I would also like to share an article I received permission to republish on Women On The Fence.

It is titled:

Why Did She Stay? How Come Nobody’s Asking Why He Did It?

By Randy Susan Meyers

And the blame continues.

Twitter & Facebook abound with it. Some claim with surety that they’d leave after the first minute a man touched them. Other wonder (with an air of superiority) why Janay Rice married Ray Rice in the first place (often accompanied with gold-digging, victim-blaming reasons.) Many question her ‘role’ in the situation—wondering why she stayed, sat next to him, tweeted support, etc, etc, etc.

Everyone has an opinion about and questions about Janay Rice. Why, why, why. I pray someone is there for her, helping deflect the meanness and judgment. I worked in the field (working with batterers) for ten years.

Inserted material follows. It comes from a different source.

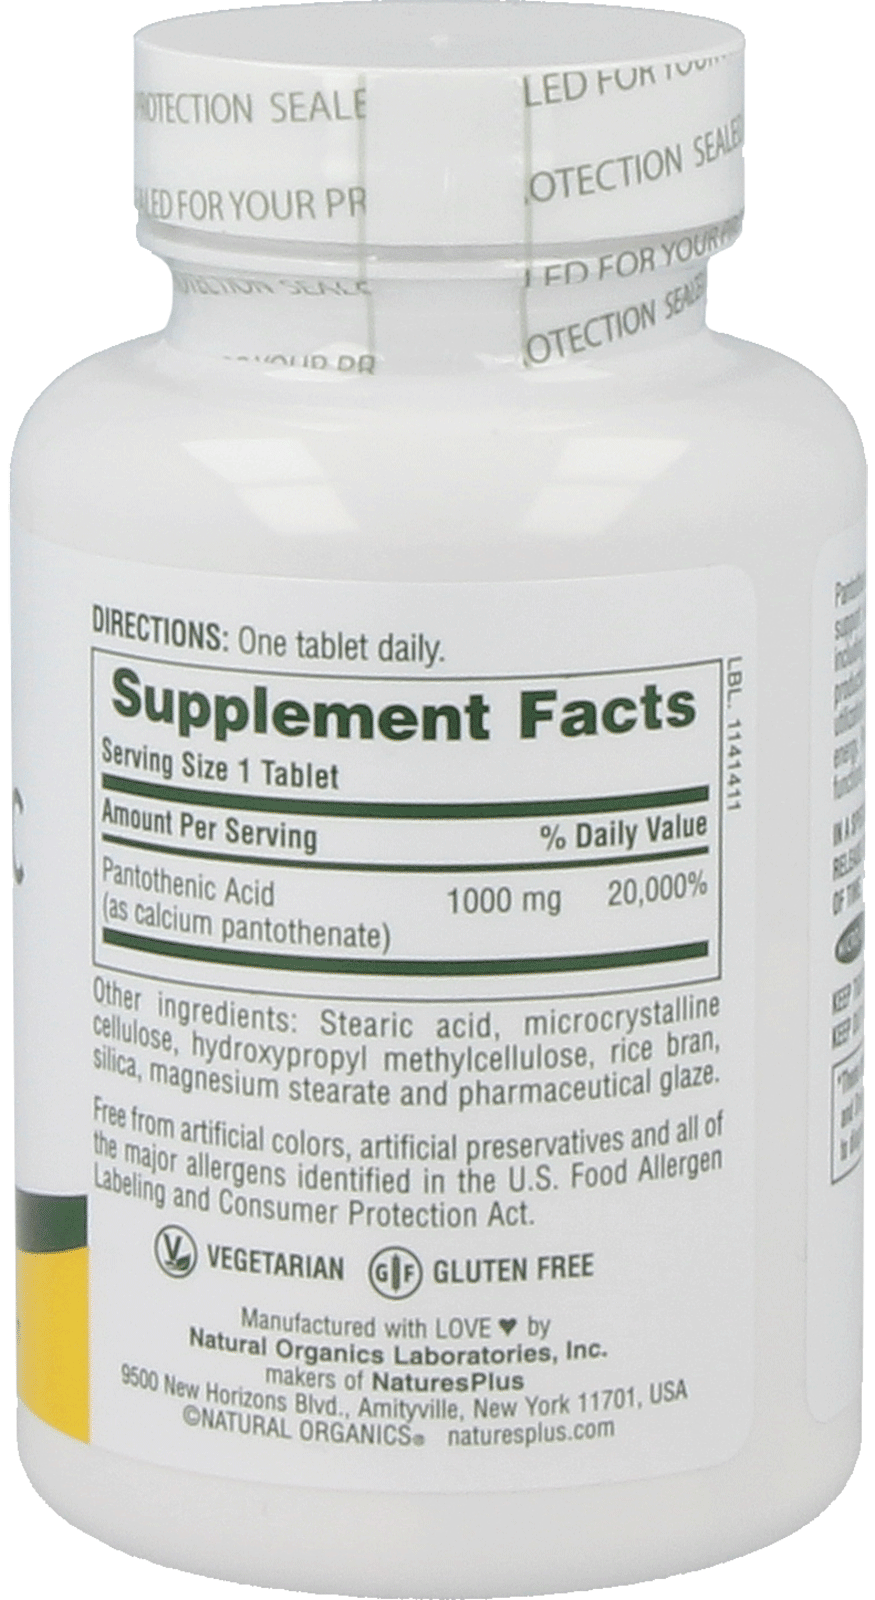 Pantothenic Acid 1000 mg 
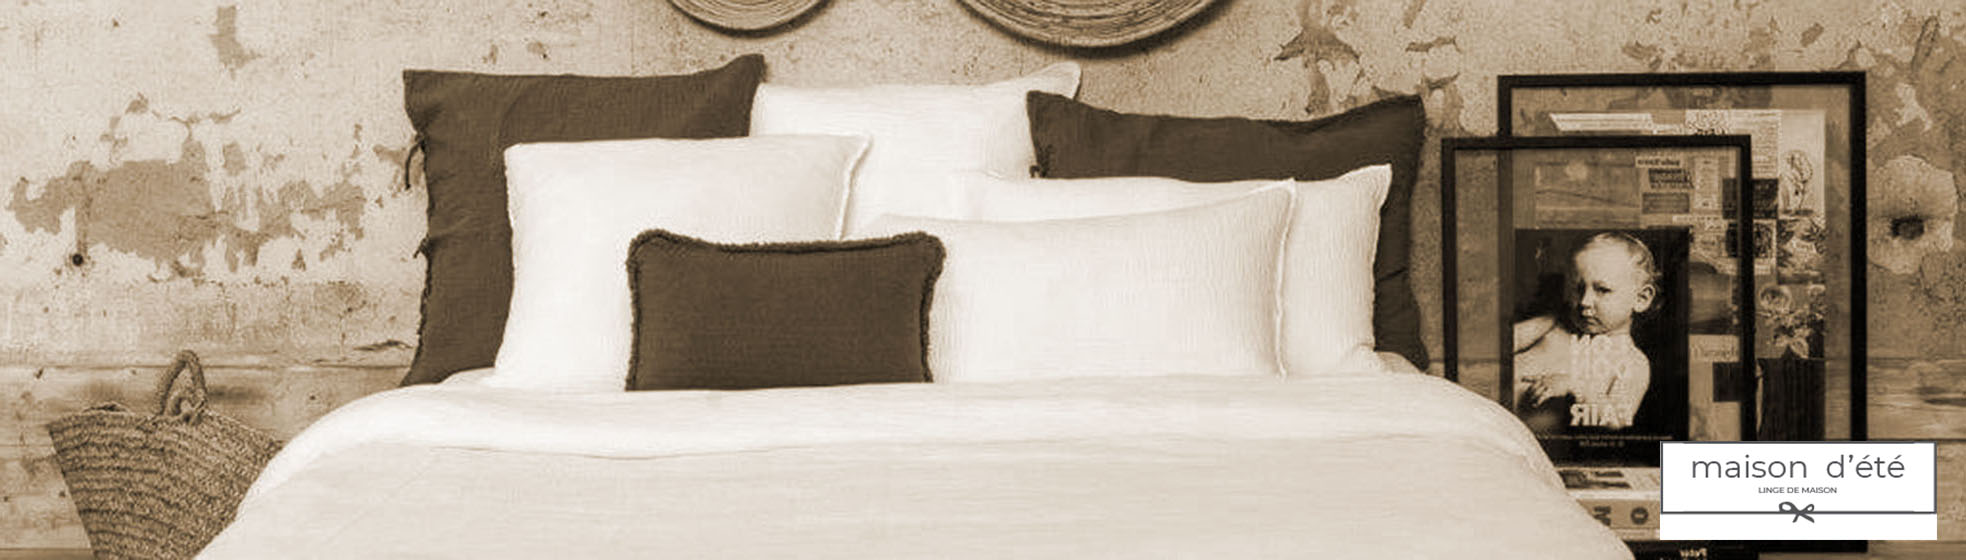 taie oreiller linge de lit haut de gamme Paris (75001)

I could write pages of ‘why women stay’—explaining how women become trapped by violent men, but instead I provide the above link, and concentrate on the important question we should be asking:

Why did Ray Rice, this 218-pound professional athlete, pound on his wife, the mother of his child?

For years I sat in church basements listening to men speak about their violence towards woman. I worked in a Certified Batterer Intervention Program where men blamed their violence against women on everything from invisible buttons their unreasonable wives pressed, to whiskey and beer.

These men weren’t different from the bad boys to whom I’d once been drawn. I craved them before, but never again. My father tried to kill my mother—maybe that’s why I switched from dating these ‘bad boys’ to offering them education, and education that offered tools for change, but they had to choose to use them.

They fought the idea that they could control themselves. Thinking themselves victims of invisible buttons was more comfortable than admitting they chose violence to get their way. And what did they want? Why did cheeks get shattered and tender skin become black and blue?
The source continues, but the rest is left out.